Most of the prior treatments for indoor formaldehyde gas rely on adsorption substances, but the substances are unstable to the adsorption of formaldehyde, and the formaldehyde is easily released again after the adsorption is saturated. In addition, the formaldehyde gas is degraded by using a photocatalyst, but the formaldehyde gas needs the assistance of external conditions, for example, ultraviolet irradiation is needed to activate the formaldehyde gas, so that the further application of the formaldehyde gas is limited. Therefore, in practical applications, these substances cannot guarantee the treatment of formaldehyde in indoor air.
Birnessite as the most widely distributed manganese oxide ore in soil is composed of a layer of MnO6The octahedron is formed by alternately stacking a water molecule layer containing different cations and has large specific surface area (up to 50-300 m)2Per gram), low zero charge (1.5-2.5), high cation exchange capacity (0.63-2.40mol/Kg), and high oxidizing ability. Due to the unique physical and chemical properties, the catalyst can be applied to various fields, particularly catalytic oxidation. Birnessite has high activity and low toxicity, and the unique d-orbit can easily realize the transition of outer electrons between different energy levels to show the redox characteristic. However, the catalytic performance of birnessite on formaldehyde reported in the prior art is still low at room temperature, and the formaldehyde can be removed at a higher temperature. The prior art also lacks a material which can still show good formaldehyde removal performance under the condition of normal temperature.
Disclosure of Invention
Aiming at the technical problem that the formaldehyde catalytic performance, particularly the room-temperature catalytic performance, of the existing birnessite material is not ideal, the invention provides a birnessite @ hydrated calcium silicate composite material, and aims to provide a new material with good catalytic performance, particularly the room-temperature catalytic performance.
The second purpose of the invention is to provide a preparation method of the birnessite @ calcium silicate hydrate composite material.
The third purpose of the invention is to provide the application of the birnessite @ calcium silicate hydrate composite material in the aspect of formaldehyde degradation.
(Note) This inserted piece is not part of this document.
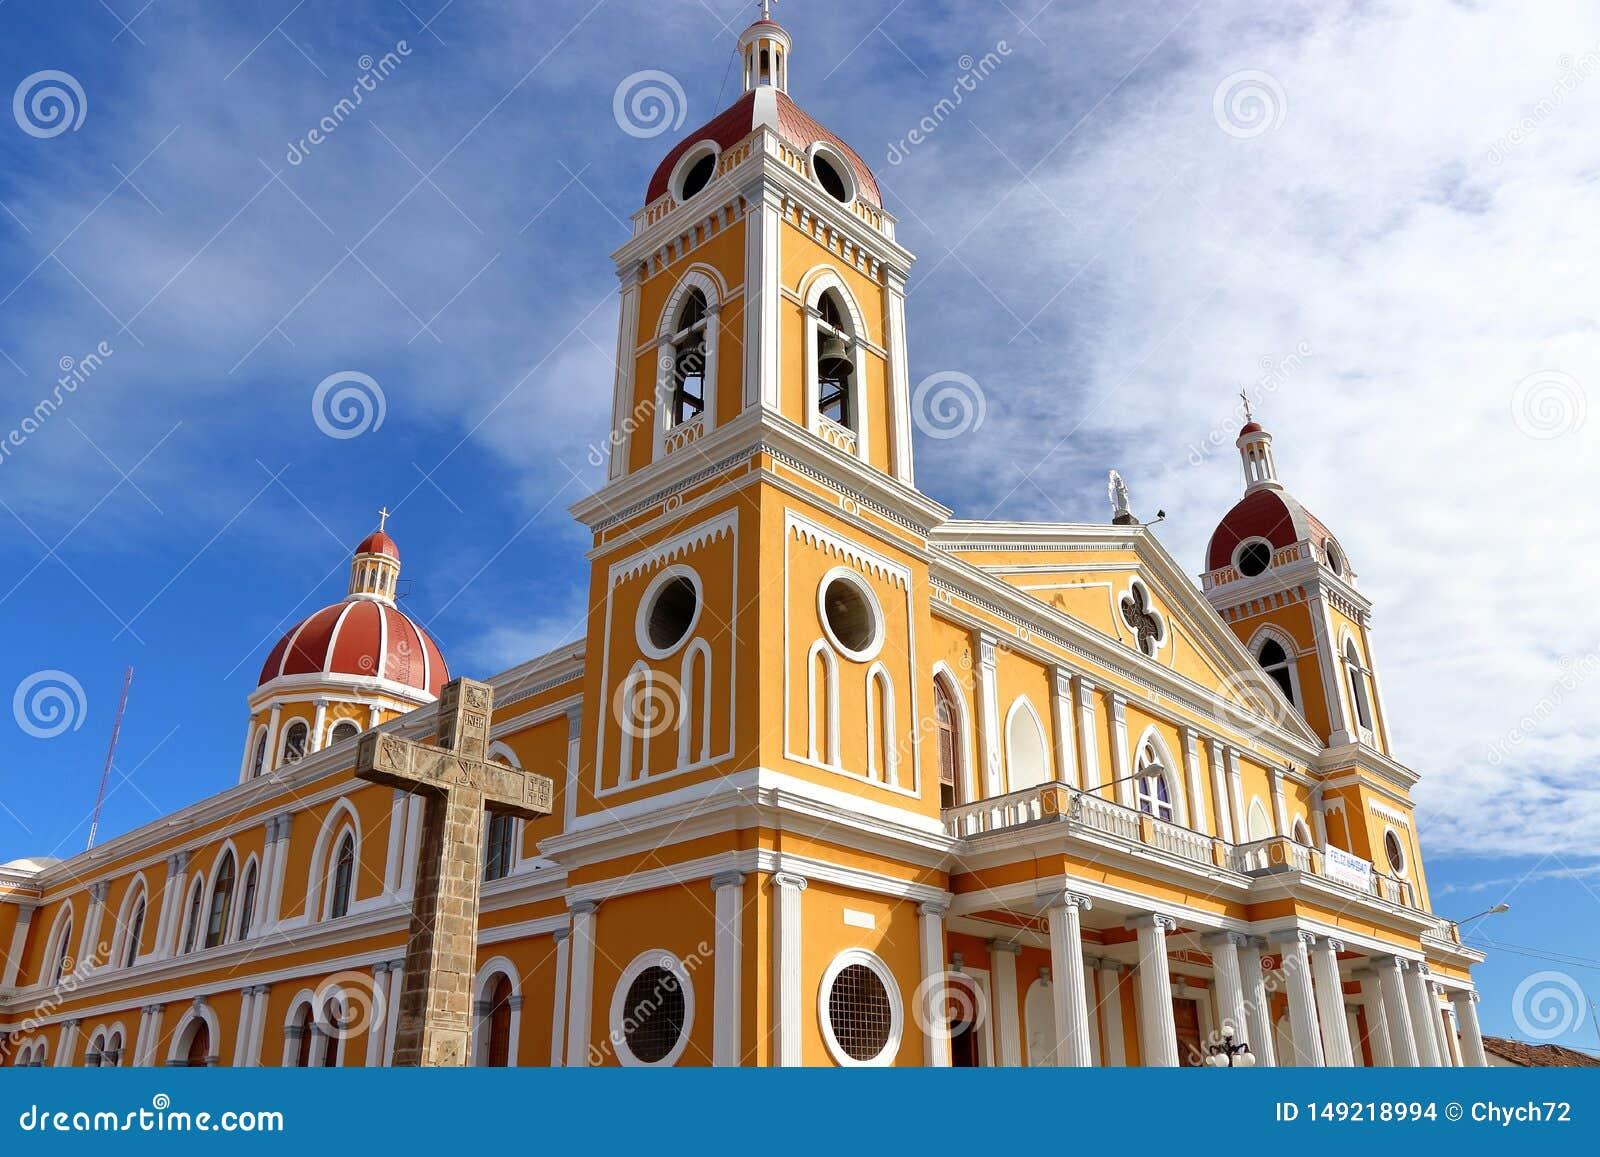 Catedral de Granada en el contexto del cielo azul, Nicaragua

In particular, by utilizing the advantage of wide application of hydrated calcium silicate in building materials and doping birnessite in the hydrated calcium silicate, the novel indoor building material with long-term effective and autocatalytic formaldehyde degradation function is prepared.
The shape uniformity of the conventional birnessite is not ideal, and the conventional birnessite is usually a micron-sized material, the performance of the material in the aspect of formaldehyde catalysis needs to be improved, for example, the formaldehyde degradation performance at normal temperature is poor, and the material is limited in practical application, in addition, the birnessite is black, and is difficult to fully meet modern variable aesthetic requirements, and aiming at the technical problem, the invention provides the following technical scheme:
a birnessite @ calcium silicate hydrate composite material comprises a calcium silicate hydrate substrate and birnessite growing on the surface of the substrate in situ.
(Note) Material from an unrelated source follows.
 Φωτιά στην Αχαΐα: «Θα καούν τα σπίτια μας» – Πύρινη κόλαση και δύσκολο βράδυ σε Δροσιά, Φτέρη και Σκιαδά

The birnessite is innovatively loaded on the hydrated calcium silicate substrate in situ, and based on the cooperation of the components and the in-situ growth structure, the formaldehyde catalytic performance of the material can be effectively improved, particularly the normal-temperature catalytic performance of the material is favorably improved, and the indoor normal-temperature formaldehyde is favorably realized.
In the invention, the birnessite is formed by in-situ epitaxial growth on the surface of a hydrated calcium silicate substrate. In the invention, the birnessite grows on the surface of the substrate in an epitaxial manner, so that the synergistic advantages of components and structures are brought into play, and the formaldehyde removal effect of the material at normal temperature is further improved.
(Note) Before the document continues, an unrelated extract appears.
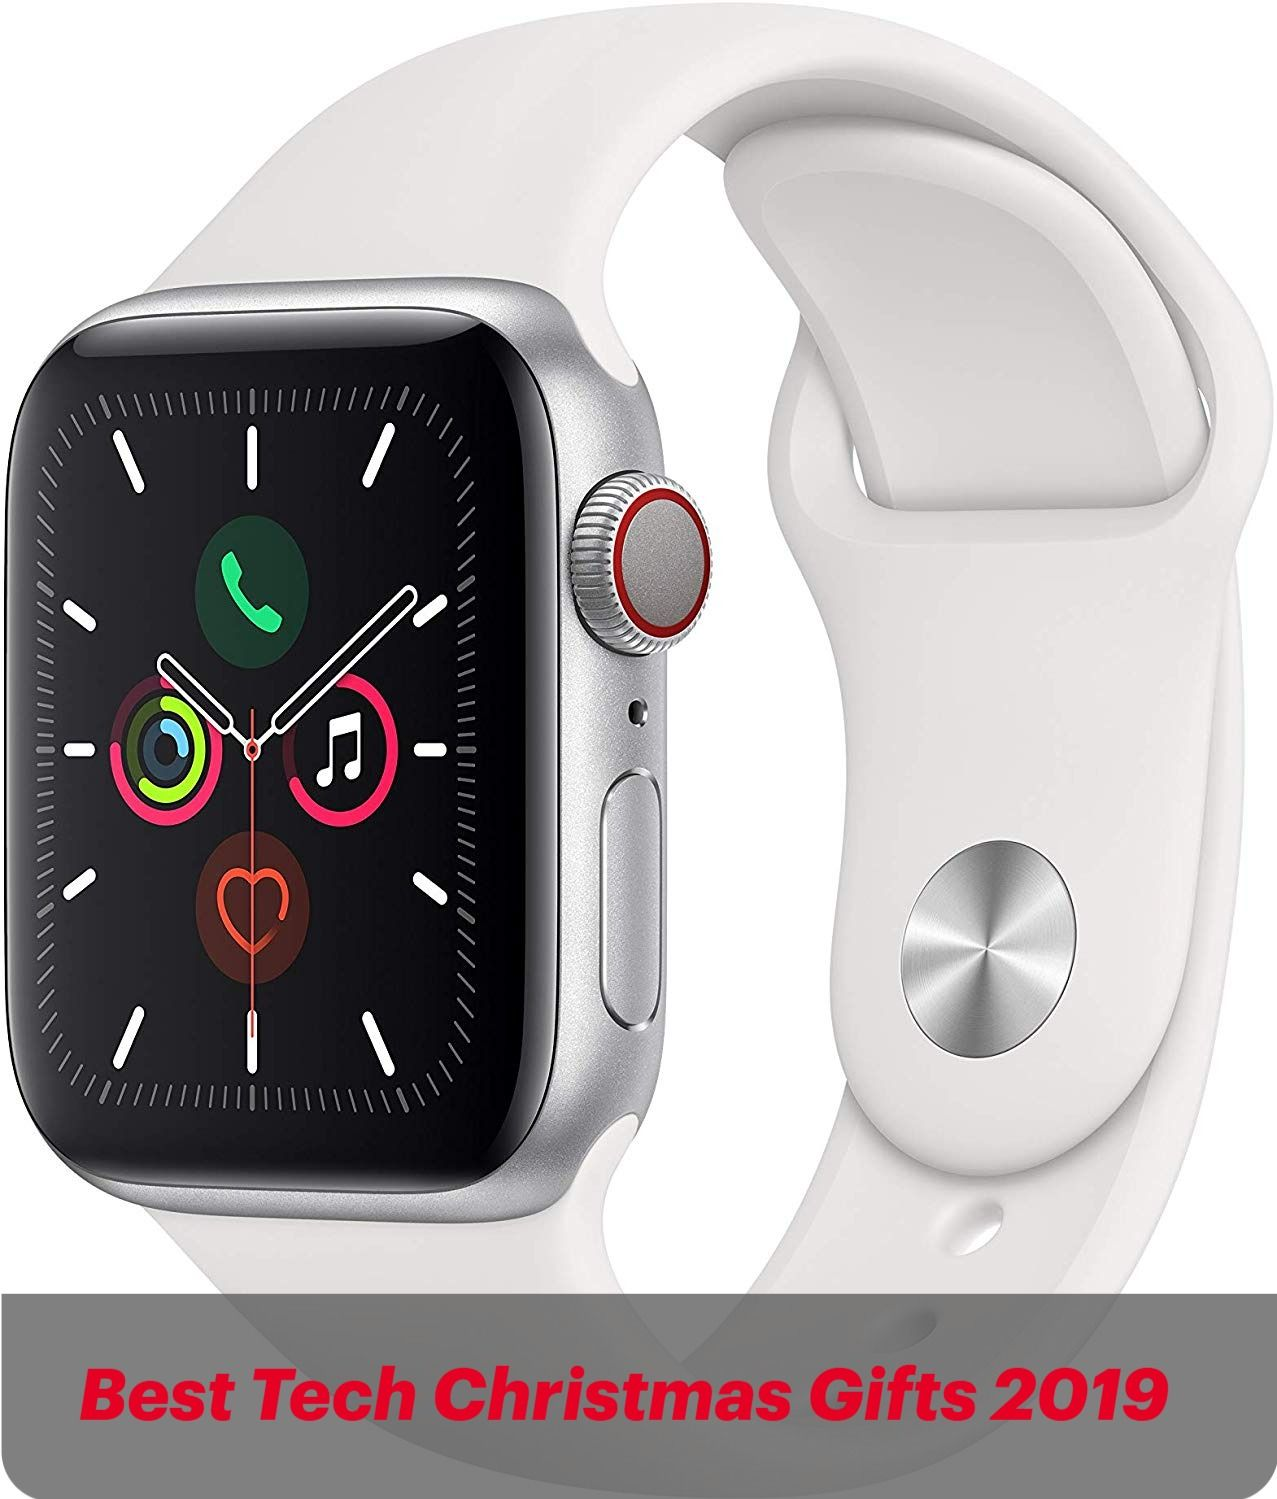 Apple Watch Series 5 – Best Tech Christmas Gifts 2019 | Cool tech

The research of the invention also finds that the morphological structure of the birnessite grown in situ is further controlled, which is beneficial to unexpectedly further improving the cooperativity of the composite components and the in situ load structure, and is beneficial to further improving the formaldehyde catalytic performance of the material, in particular to improving the normal temperature catalytic performance of the material.
The birnessite is a material with a porous secondary structure formed by staggered assembly of birnessite sheet layers growing on the surface of a substrate.
The composite material is a porous spherical birnessite anchored on the surface of hydrated calcium silicate and is firmly combined;
preferably, the calcium silicate hydrate is at least one of amorphous C-S-H (calcium silicate hydrate) solid gel, tobermorite, scolecite, wollastonite and orthosillimanite. The calcium silicate hydrate is a material with a rod-shaped, sheet-shaped and whisker-shaped structure.
Preferably, the mass ratio of the hydrated calcium silicate to the birnessite is 0.5-3: 1.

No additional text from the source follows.